The security of elections should be bolstered by the encryption of ballot papers, which is the goal of the Pret a Voter process developed by Peter Ryan at Britain's University of Newcastle upon Tyne. In the process, paper ballots are scanned by an optical printer, and the ballots are halved, with candidates' names on one side and tick boxes on the other. A voter selects the desired tick box and divides the paper, placing only the half with the tick on it in the ballot box. The candidates are arranged in random order on each ballot paper, making it impossible for anyone looking at the deposited half of the paper to know which candidate was selected, but not impossible for the machine to know thanks to a cryptographic cipher containing the candidate order. The Scratch & Vote approach devised by Ben Adida and Ron Rivest of the Massachusetts Institute of Technology utilizes a ballot paper that is similar to the one used in Pret a Voter, but extra security is added with a scratch-off area containing the data used to randomize the candidate order on that particular paper. The data can decrypt the individual cipher on the ballot when combined with a public key, which is distinct from the private key used by election officials to unlock the vote in the absence of the original randomization data. Computer scientist David Chaum's Scantegrity II approach involves the voter marking his candidate choice by filling in a bubble with special ink that reacts with a pattern of two chemicals printed within the bubble.

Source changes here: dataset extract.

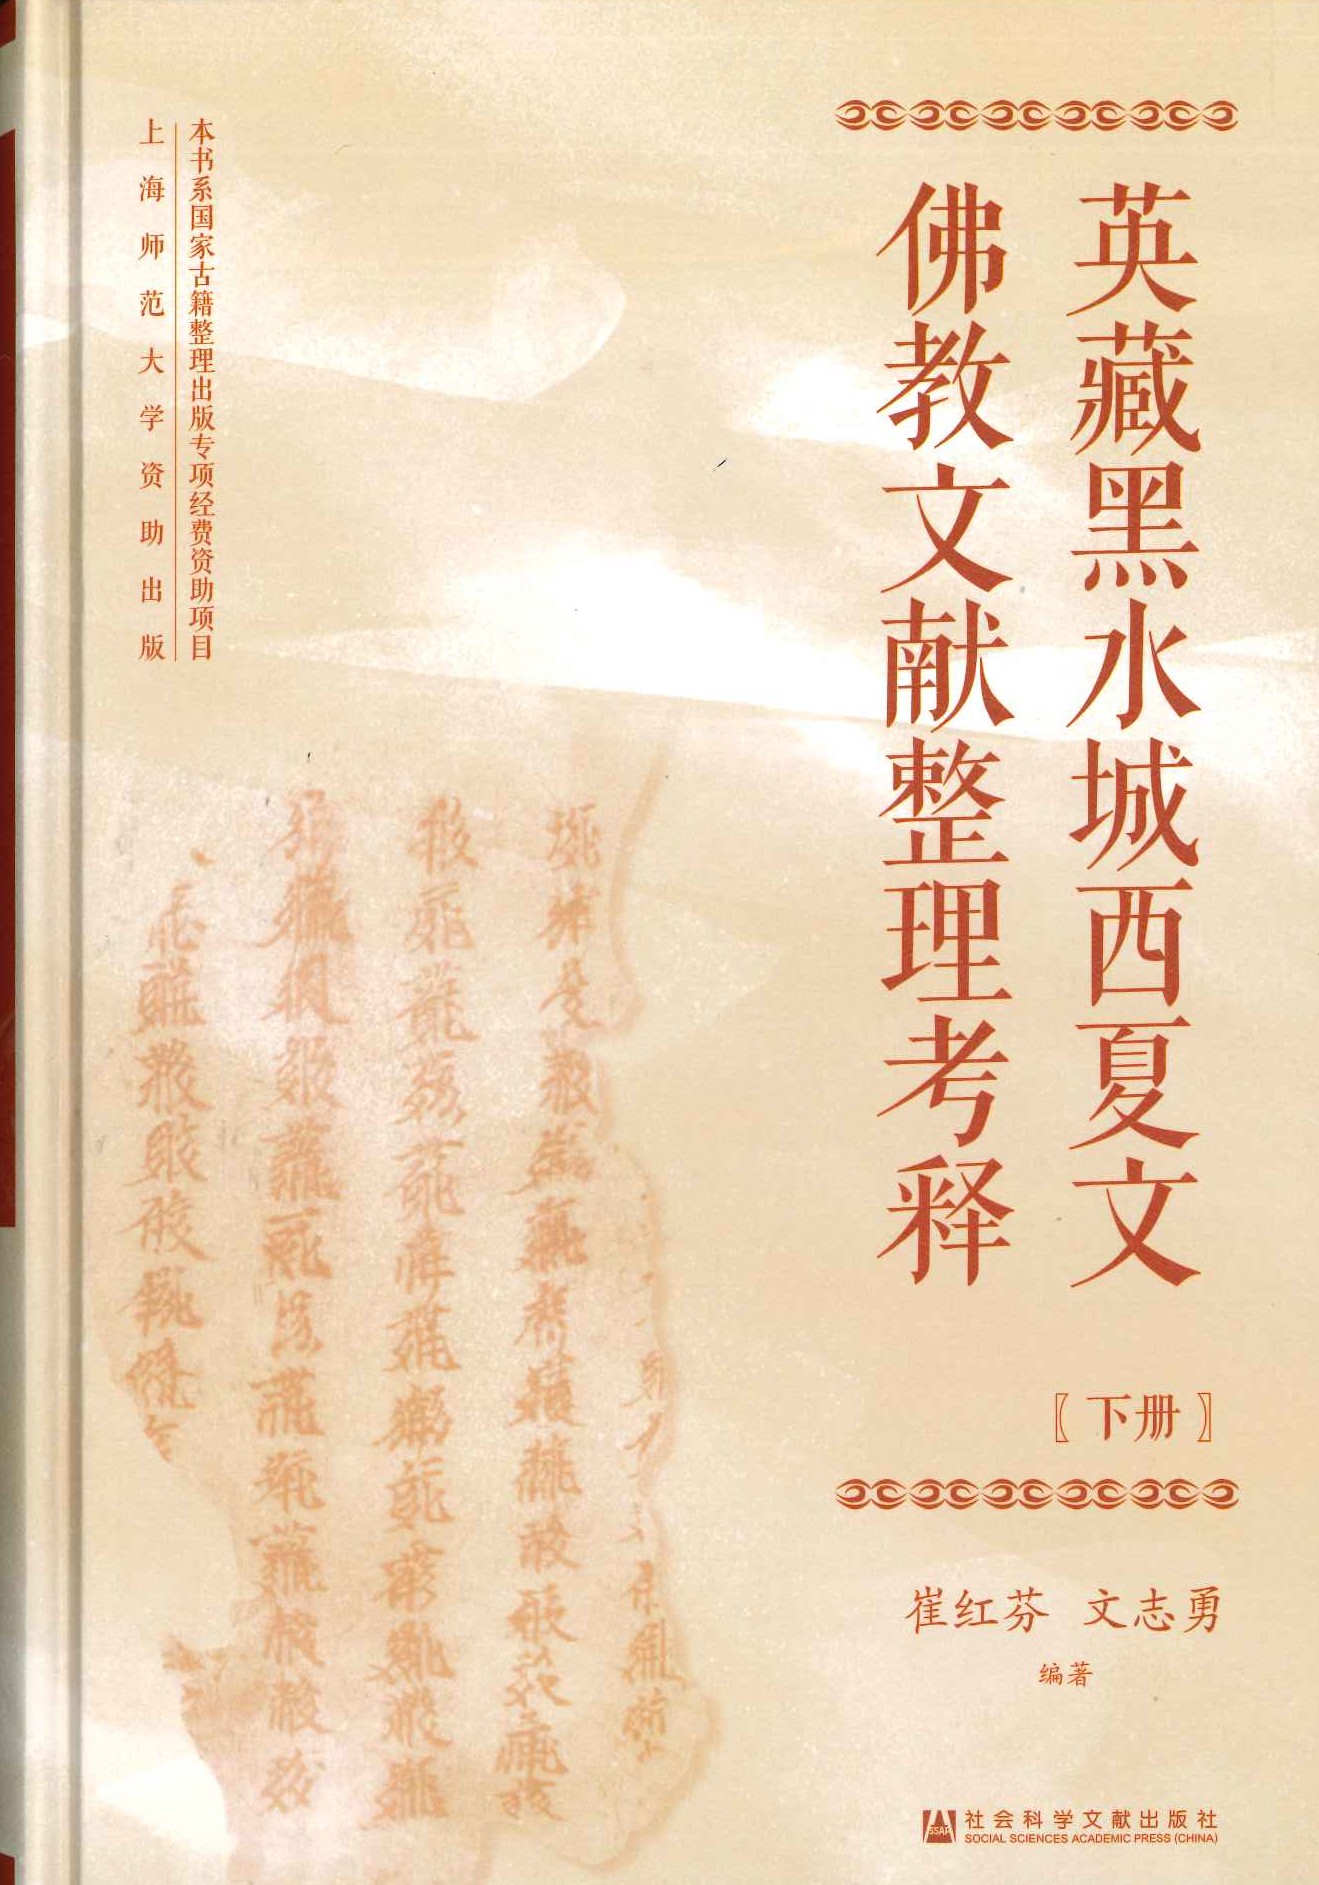 英藏黑水城西夏文佛教文献整理考释(全3)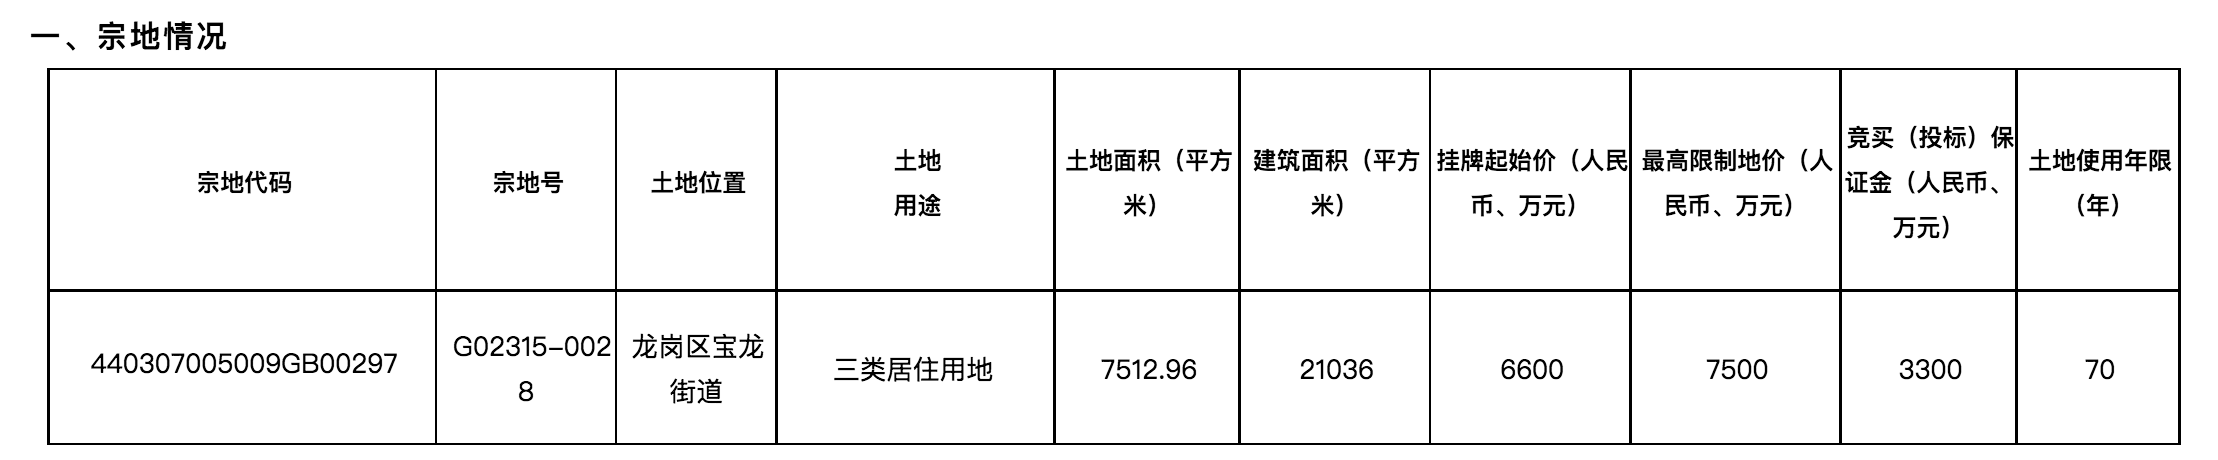 深圳78.42亿元挂牌4宗住宅用地，拟于8月18日出让

One chemical darkens the entire bubble so that a standard optical reader can record its position and the chosen candidate, while the other chemical becomes visible in a contrasting hue to uncover a previously invisible three-character code derived from a pseudorandom number generator. This code is unreadable by the vote-counting machine, but the voter can note it on a detachable receipt at the bottom of the ballot paper and then check the correctness of the vote by entering the serial number of his ballot paper into an election Web site to see if the letter code matches.